- Other name: Patricia C. Zambryski O'Farrell
- Education: University of Colorado Boulder
- Scientific career
- Workplaces: University of California, Berkeley
- Thesis: The Regulation of gene expression during bacteriophage T4 development (1974)

= Patricia Zambryski =

Plant and microbial biologist

Patricia C. Zambryski is a plant and microbial scientist known for her work on Type IV secretion and cell-to-cell transport in plants. She is also professor emeritus at the University of California, Berkeley.

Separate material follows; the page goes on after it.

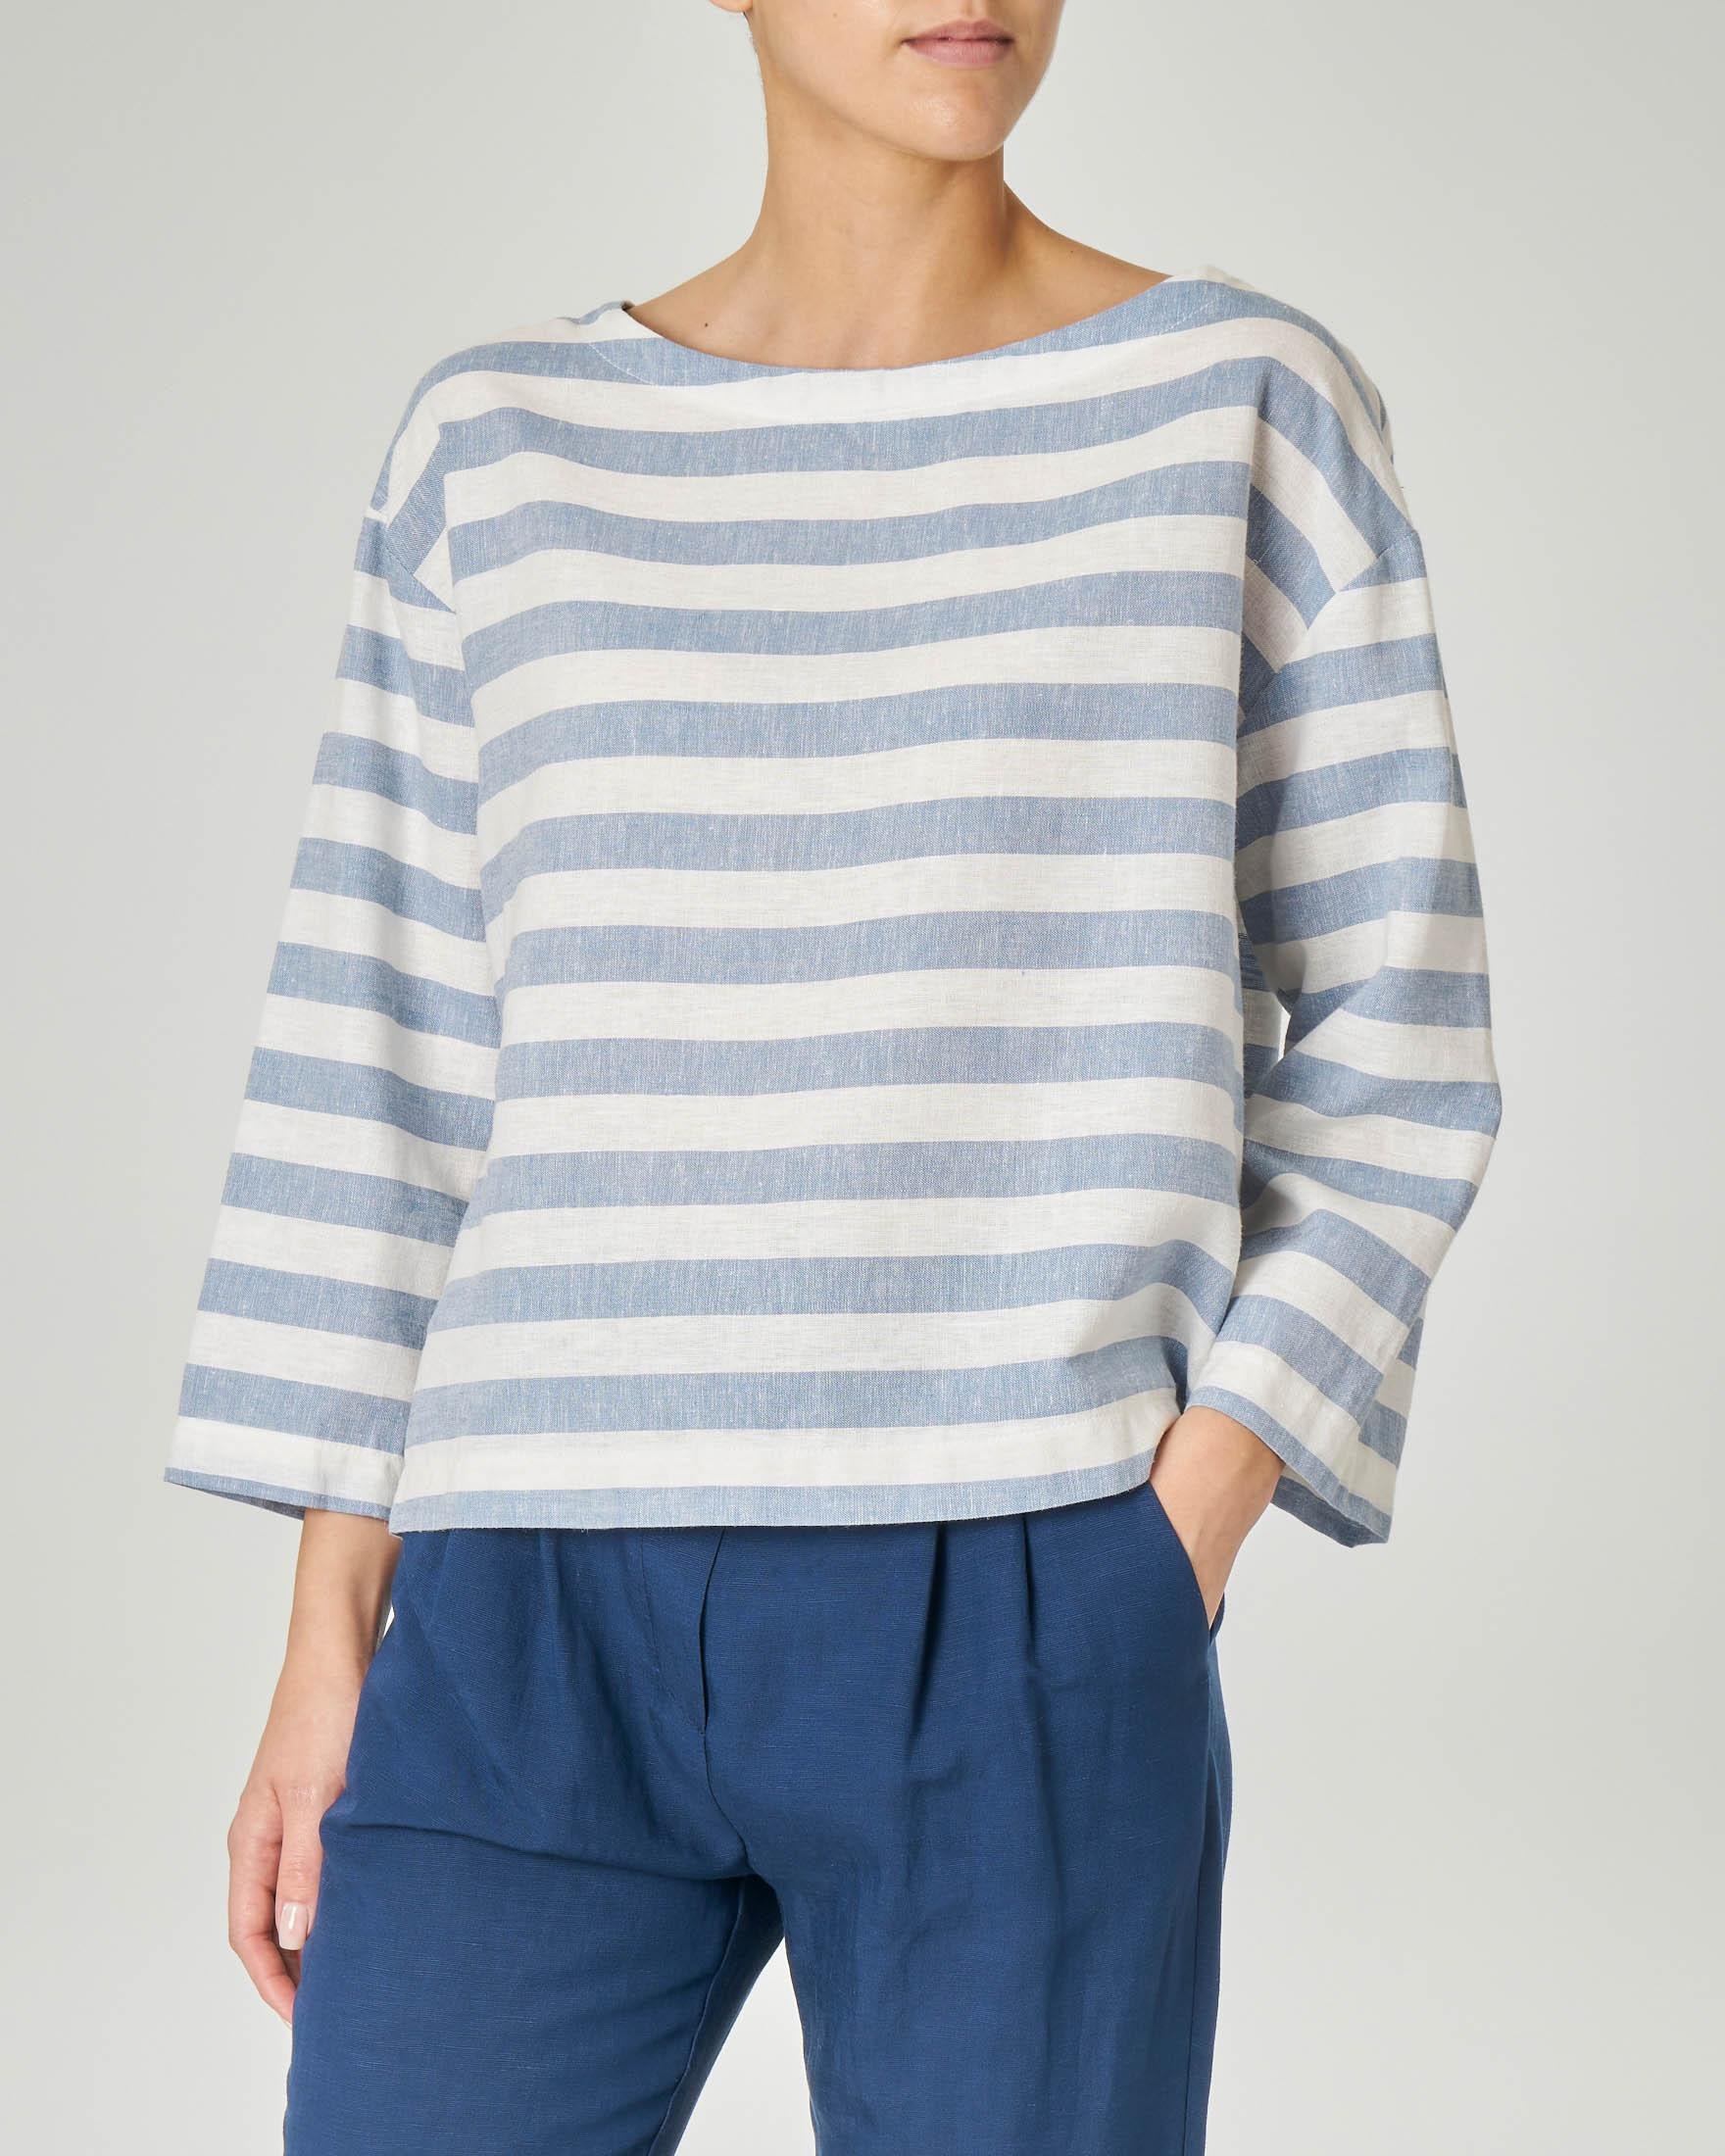 Blusa in viscosa misto lino a righe bianche e azzurre con maniche tre quarti

She was an elected member of the National Academy of Sciences, the American Association for the Advancement of Science, and the American Society for Microbiology.

==Education and career==
Zambryski received her B.S. from McGill University in 1969, and earned a Ph.D. from the University of Colorado Boulder in 1974.

==Research==
Zambryski is known for her work in the field of genetic engineering, specifically for her work with Agrobacterium tumefaciens, a bacterium she uses to track the molecular mechanisms that change plants and how plant cells communicate with each other. She has examined the structure of plant cells that have been altered by Agrobacterium tumefaciens. While working in Marc Van Montagu's lab, Zambryski determined how the Ti plasmid is identified by the bacterium, and she developed a vector that allowed the transfer of genetic material into a plant without altering the plant tissue. This advance was used to inject novel genes into plants. She has also examined plasmodesmata, which are the channels that reach across the spaces in plant cells.

==Selected publications==
- Zambryski, P. (1983). "Ti plasmid vector for the introduction of DNA into plant cells without alteration of their normal regeneration capacity"
- Stachel, Scott E. (1985). "Identification of the signal molecules produced by wounded plant cells that activate T-DNA transfer in Agrobacterium tumefaciens"
- Baker, Barbara (1997). "Signaling in Plant-Microbe Interactions"
- Zambryski, Patricia (2000). "Plasmodesmata: Gatekeepers for Cell-to-Cell Transport of Developmental Signals in Plants"
- Stachel, Scott E. (1986). "virA and virG control the plant-induced activation of the T-DNA transfer process of A. tumefaciens"

==Awards and honors==
In 2001 she was elected a member of the National Academy of Sciences and a fellow of the American Society for Microbiology. In 2010 she was elected a fellow of the American Association for the Advancement of Science.